Finn finit par plonger, pourtant. Ce n’est pas un couard, malgré les apparences. Et s’il est bien trop perturbé pour lui répondre avec des mots, il est bien décidé à lui montrer qu’il est prêt, lui aussi, à prendre le risque d’ouvrir son coeur. Se mettant sur la pointe des pieds, il l’embrasse. Sans se presser, sans se perdre dans le désir qui s’empare pourtant de son corps. Il n’y a rien d’autre que de la tendresse : et s’il se laissait aller à de tels mots, que de l’amour.

Lorsqu’il repose ses talons au sol, il ne s’éloigne pas. Au contraire, il s’accroche à Caleb comme une bouée de sauvetage, lui criant silencieusement de ne pas le lâcher. De ne plus reculer, maintenant qu’il a accepté de tenter la chance en faisant table rase du passé pour se concentrer uniquement sur le futur.

« - Je confirme que t’es un idiot, dit-il finalement pour détendre l’atmosphère à son tour. Mais bon, c’est pas nouveau, et t’es suffisamment mignon pour que te pardonne. Il dépose maintenant une nuée de baisers légers le long de ses clavicules et de son cou, à la hauteur où se trouve sa bouche, en fait. Là où il voit de la peau, il l’honore de ses lèvres comme un prêtre adorerait un saint. Désolé, mumure-t-il lorsqu’il arrête enfin son petit manège. Je sais que je suis compliqué… Ma vie est compliquée, en fait, en général, et je me prends probablement trop la tête à cause de ça. Mais ouais, c'est vrai. Ça vaut la peine de prendre le risque… Tu… tu en vaux la peine.

Il se sent rougir comme une écolière, et se retrouve soudainement bien bête. Qui est cet homme qui se laisse aller dans les bras d’un homme, qui lui dit des phrases plein de promesses avec des étoiles dans les yeux ? Finn n’aurait jamais pensé qu’il serait dans cette position, un jour, dans sa vie.

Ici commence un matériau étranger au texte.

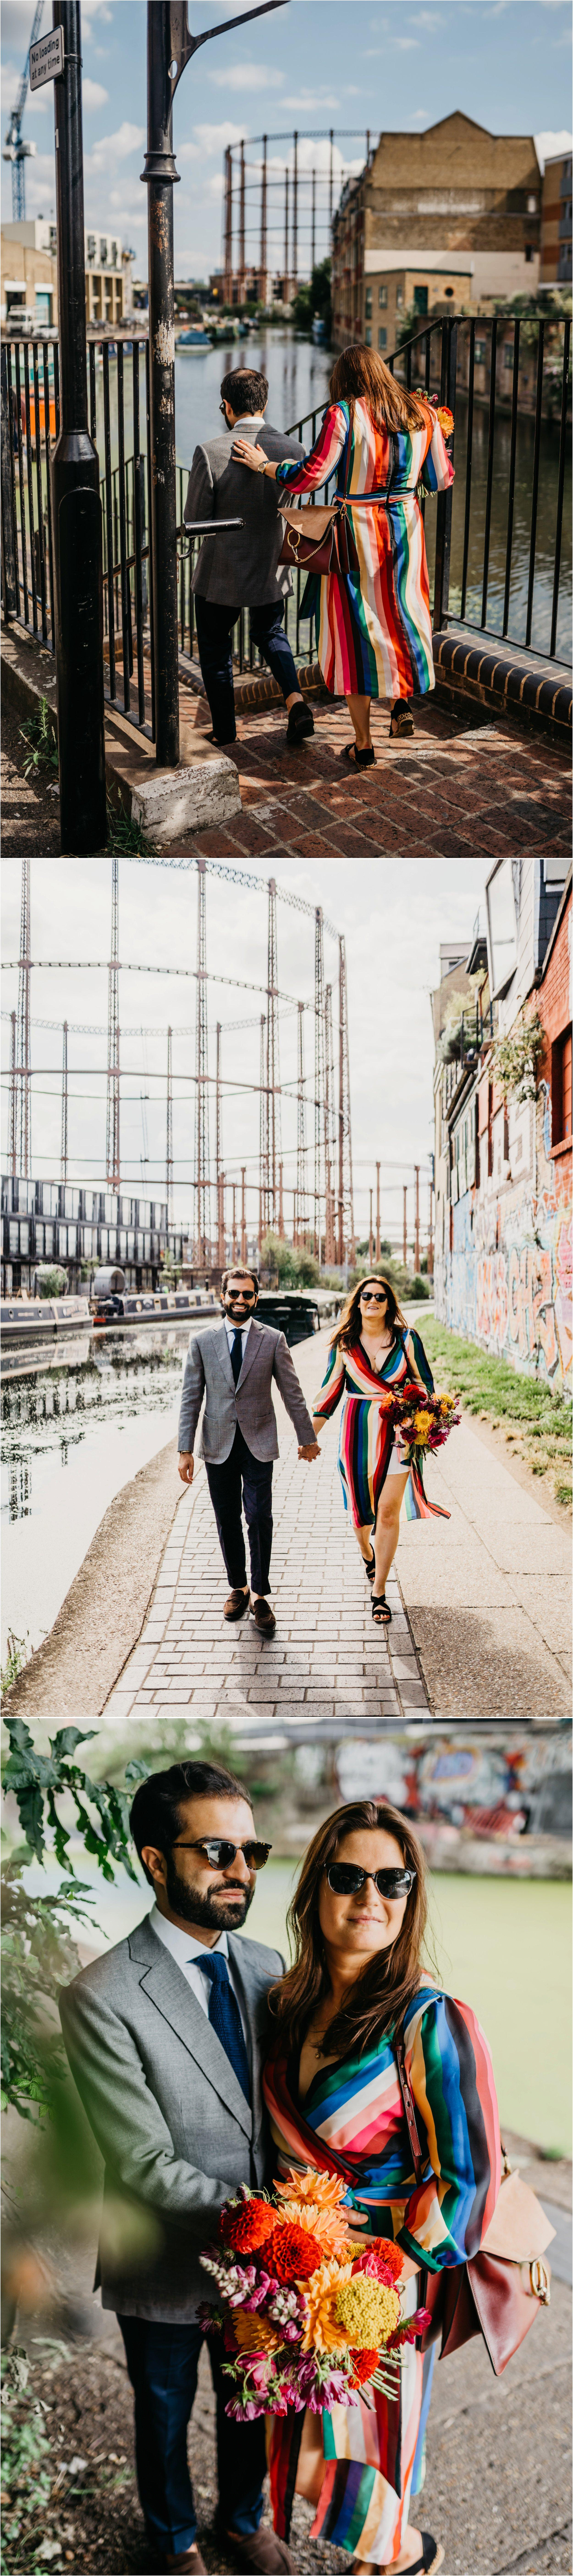 Hackney Town Hall London wedding photographer_0025.jpg
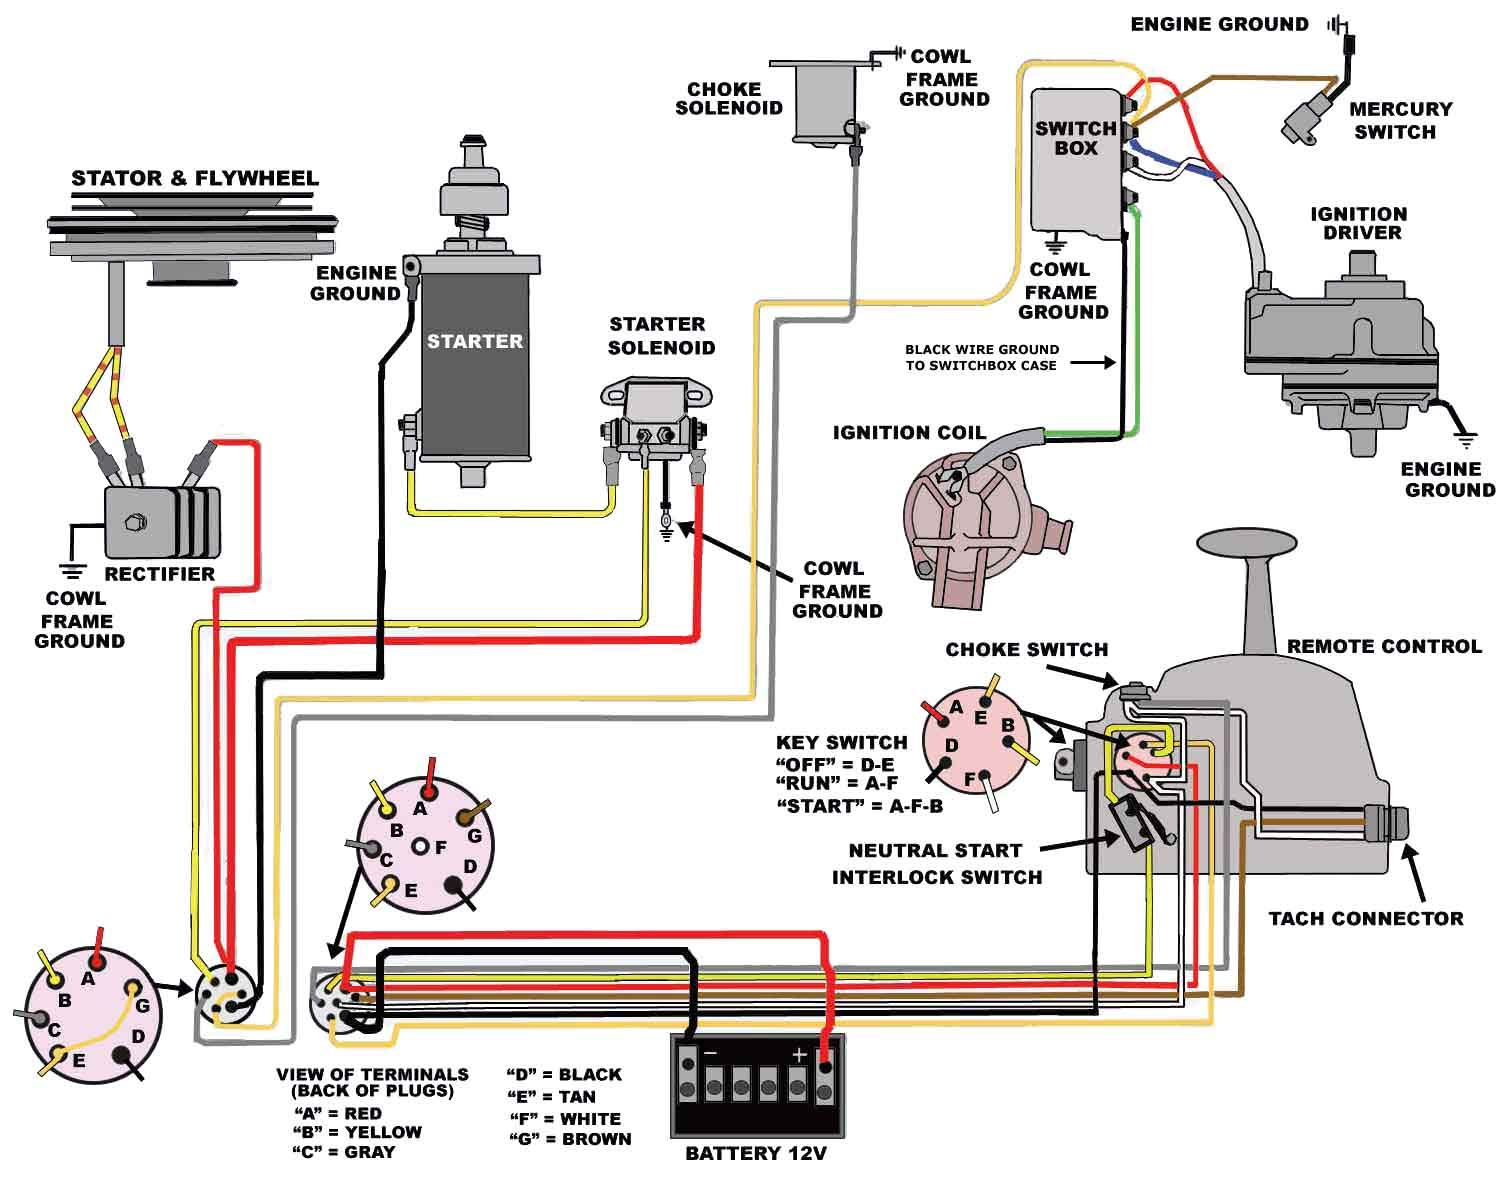 Mercury Outboard Wiring Diagram Diagram Pinterest Mercury

Et le pire, c’est qu’il n’a aucun regret : d’ailleurs, il ne s’en rend pas compte, mais c’est également la première fois, depuis qu’il a commencé à prendre régulièrement de la cocaïne, qu’il ne ressent aucun manque parcourir son corps et envahir ses sens. En ce moment même, il a une nouvelle addiction, et elle s’appelle Caleb Ollivander. S’il est bien entendu naïf de penser qu’il puisse balayer des années d’accoutumance grâce aux beaux yeux d’un homme, aussi fantastique soit-il, c’est un pas en avant, pour lui, que d’imaginer une seule seconde se passer de poudre blanche pour pouvoir passer le plus de temps possible avec le cuisinier.

- Je vais être invivable, j’espère que t’en as conscience. Je vais coucher avec… plein de gens. Je vais me bourrer la gueule, être tellement torché que t’auras honte d’être en ma présence, et plus me rappeler de ce que j’aurai fais la veille. Je vais râler, beaucoup. Et tout ça, c’est que la surface de ce que je vais te faire vivre. Les trucs qui comptent pas vraiment. Tu vas m’en vouloir de te cacher des choses, parce que je suis pas prêt à t’en parler tout de suite. Et tu vas vouloir m’aider, et je vais t’en vouloir, et on va s’engueuler… Il inspire longuement. Tant pis putain, t’as raison. J’en sais rien, en fait. »

Ses mains, qui entouraient auparavant le cou de son amant, glissent maintenant le long de ses tempes. Et il l’embrasse, encore et encore. Il ne peut plus s’en passer.